(Data)

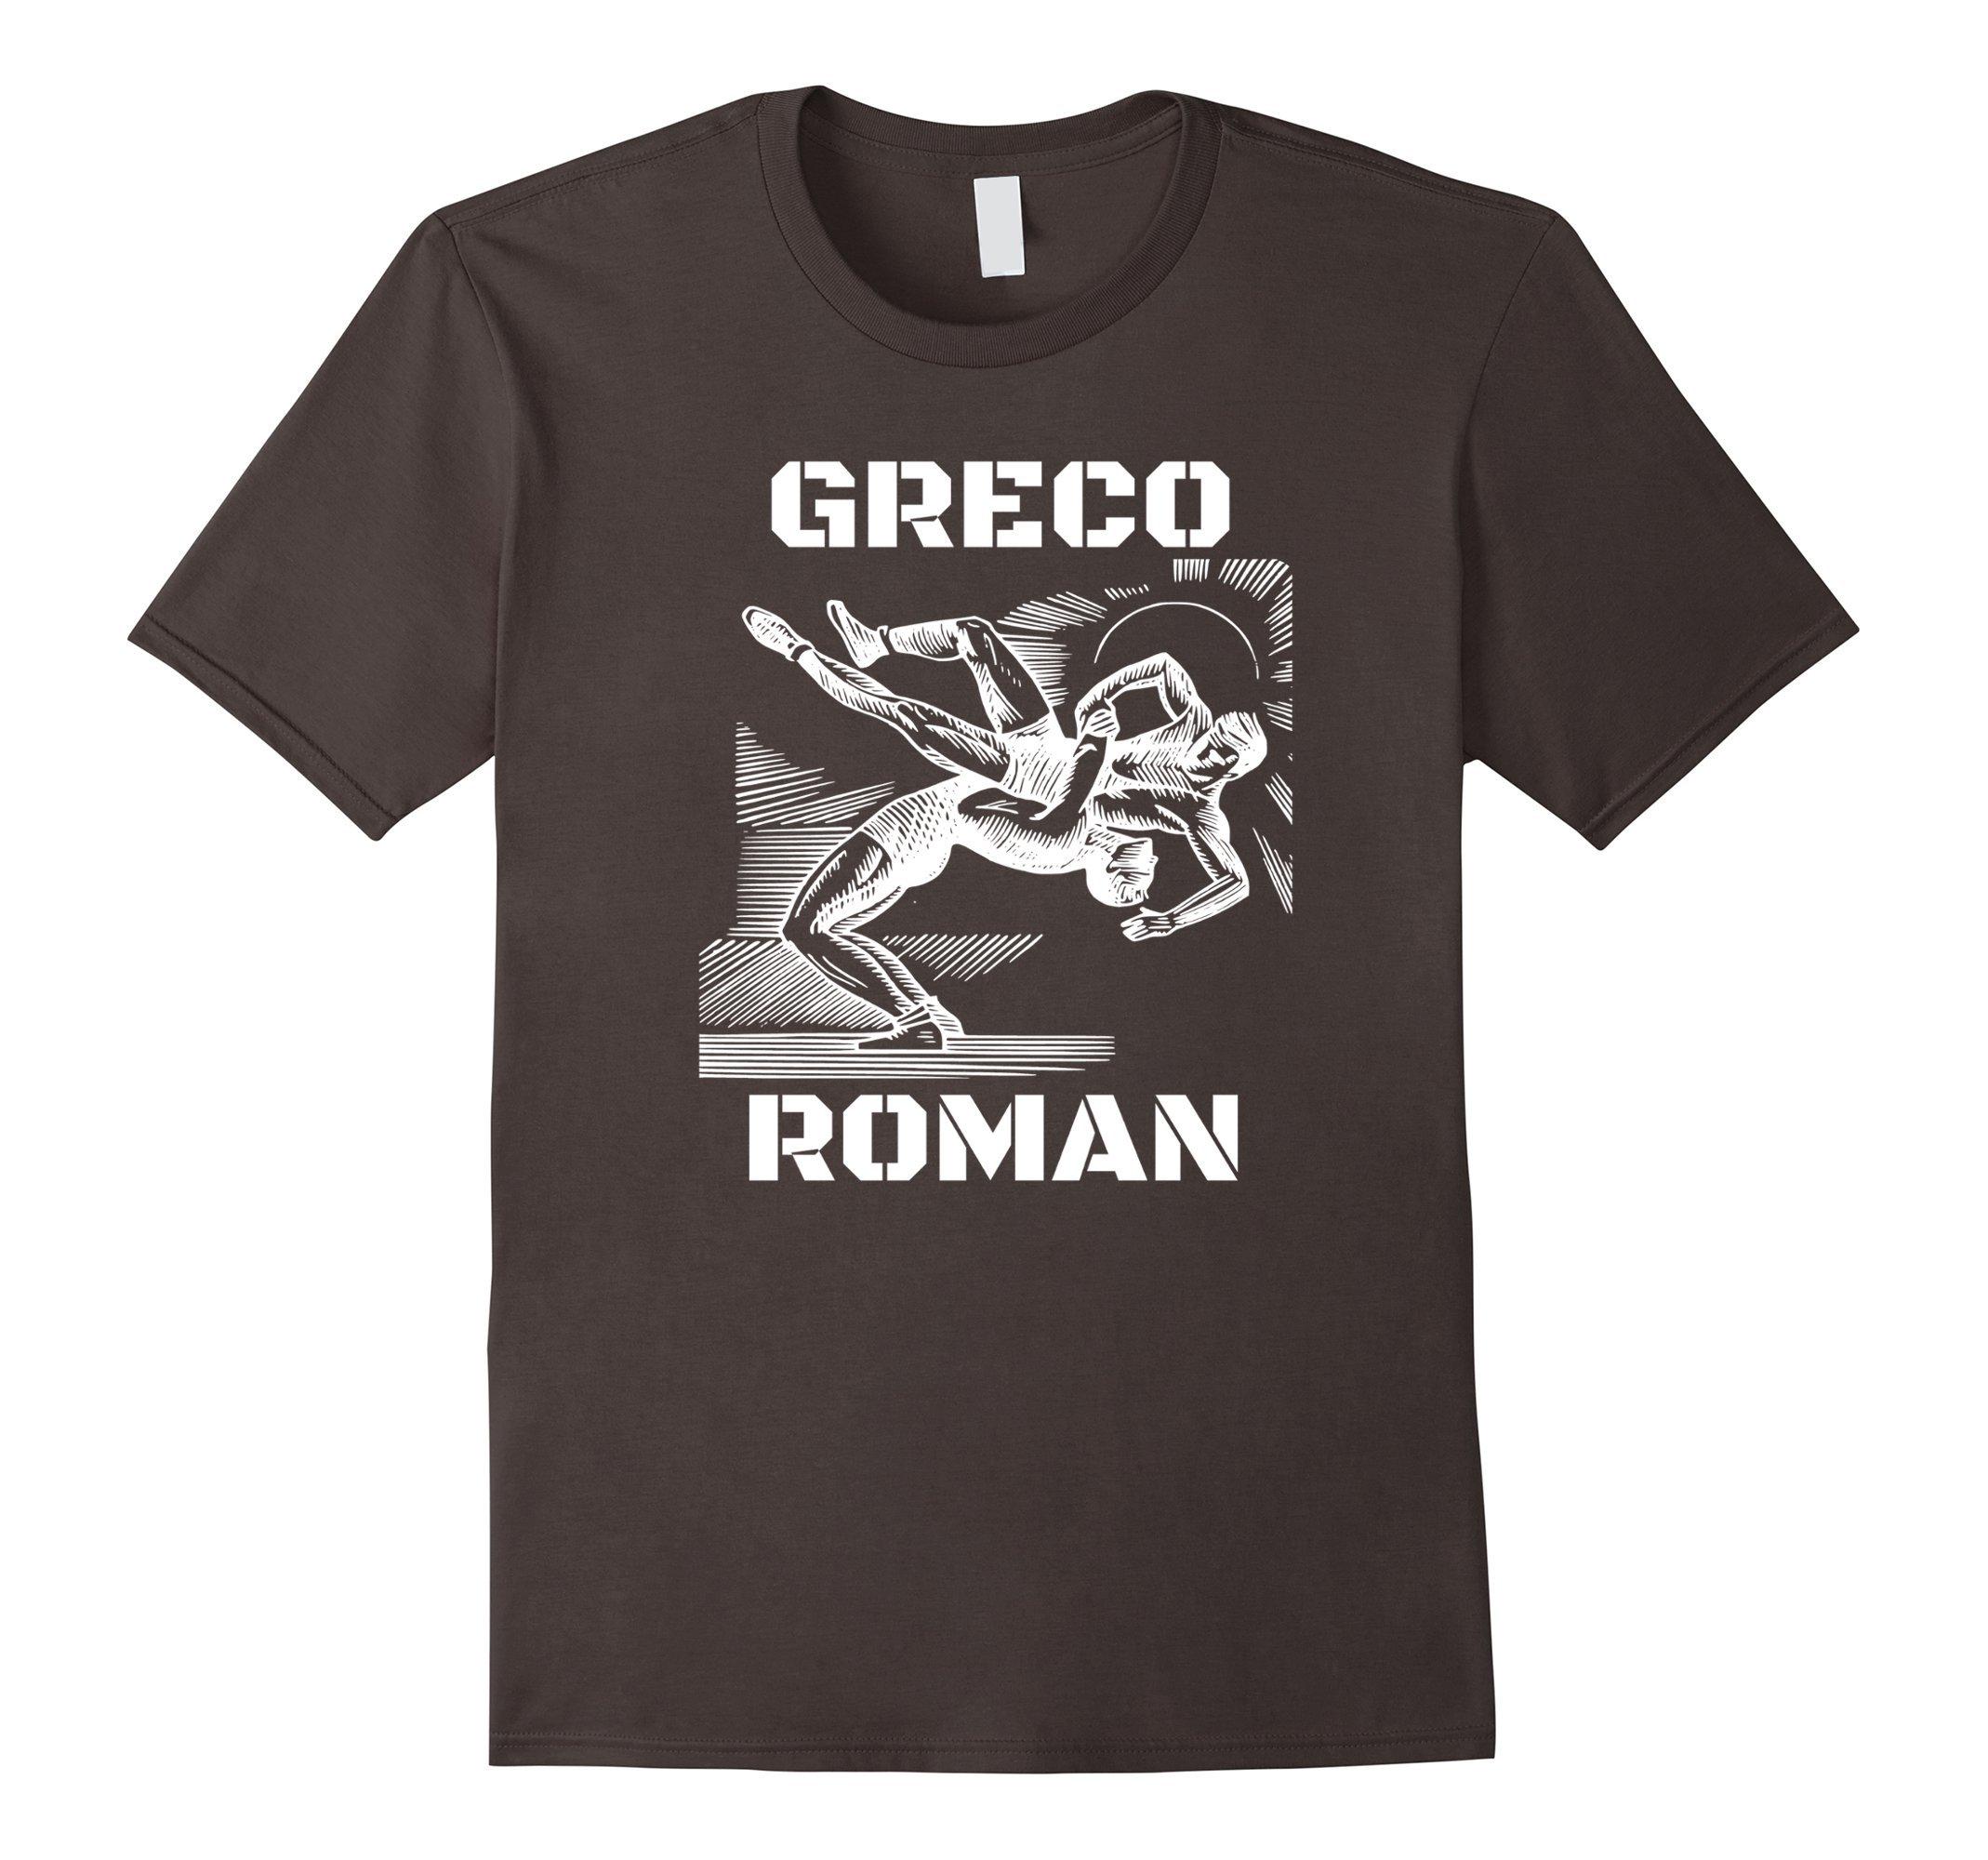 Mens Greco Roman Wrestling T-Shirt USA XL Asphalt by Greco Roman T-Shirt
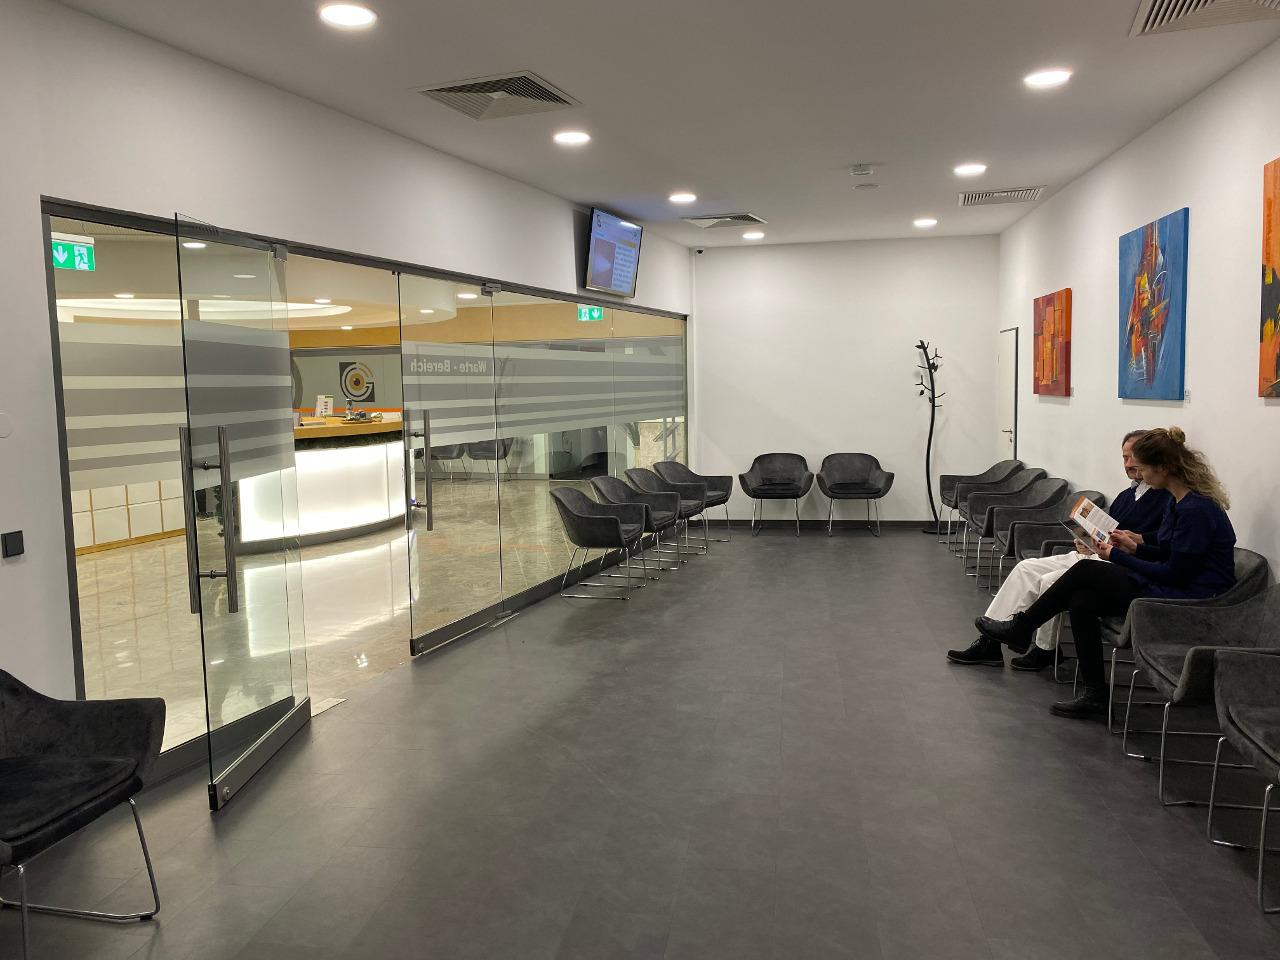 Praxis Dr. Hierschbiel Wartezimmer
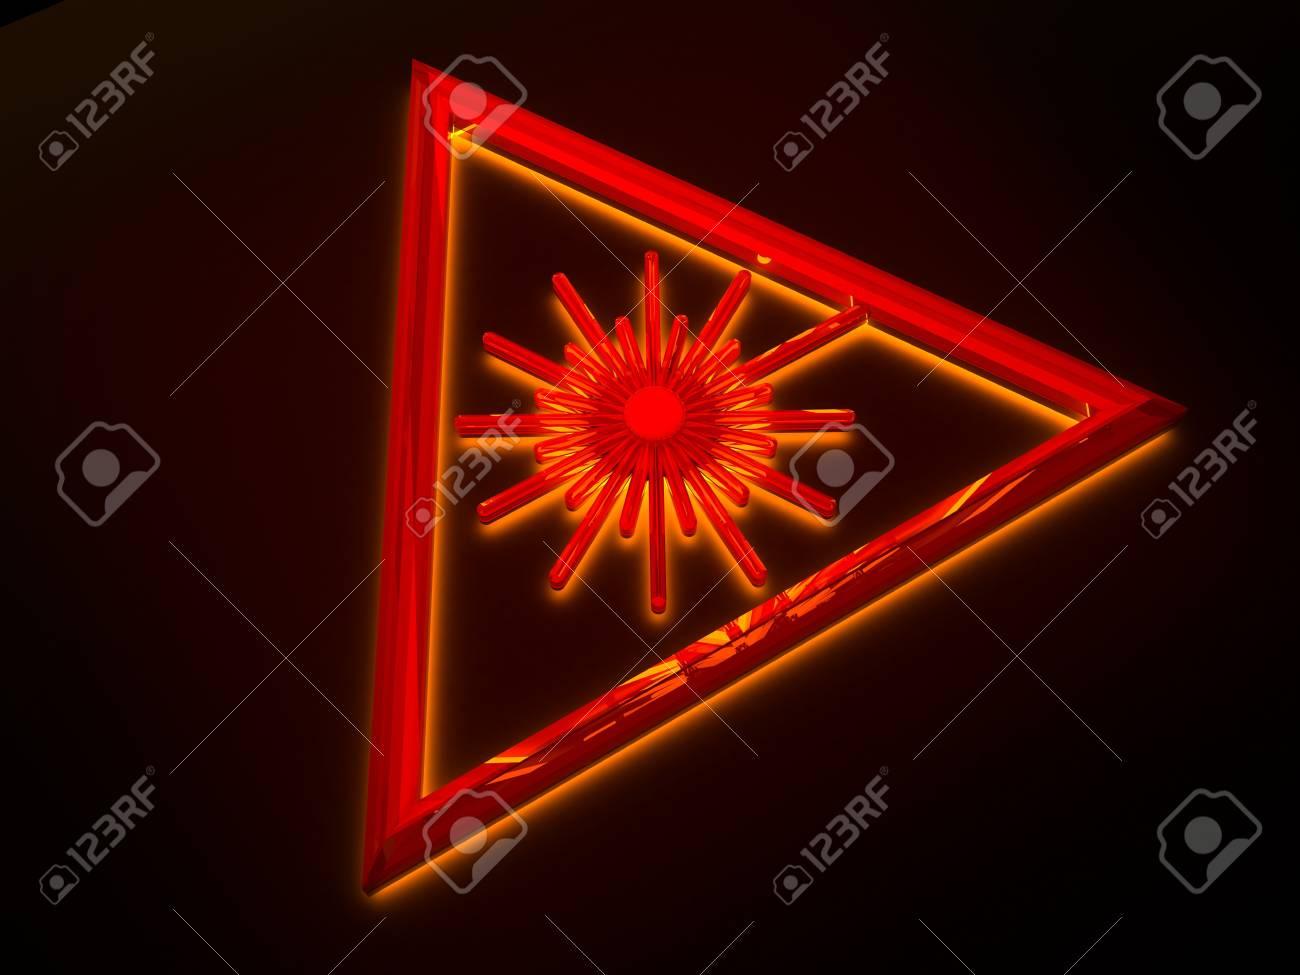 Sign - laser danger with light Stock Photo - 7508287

(End Data)

About this task: Give back the listing unchanged. Strip out the pictures.

Output for this exercise:
 Mens Greco Roman Wrestling T-Shirt USA XL Asphalt by Greco Roman T-Shirt
 Praxis Dr. Hierschbiel Wartezimmer
 Sign - laser danger with light Stock Photo - 7508287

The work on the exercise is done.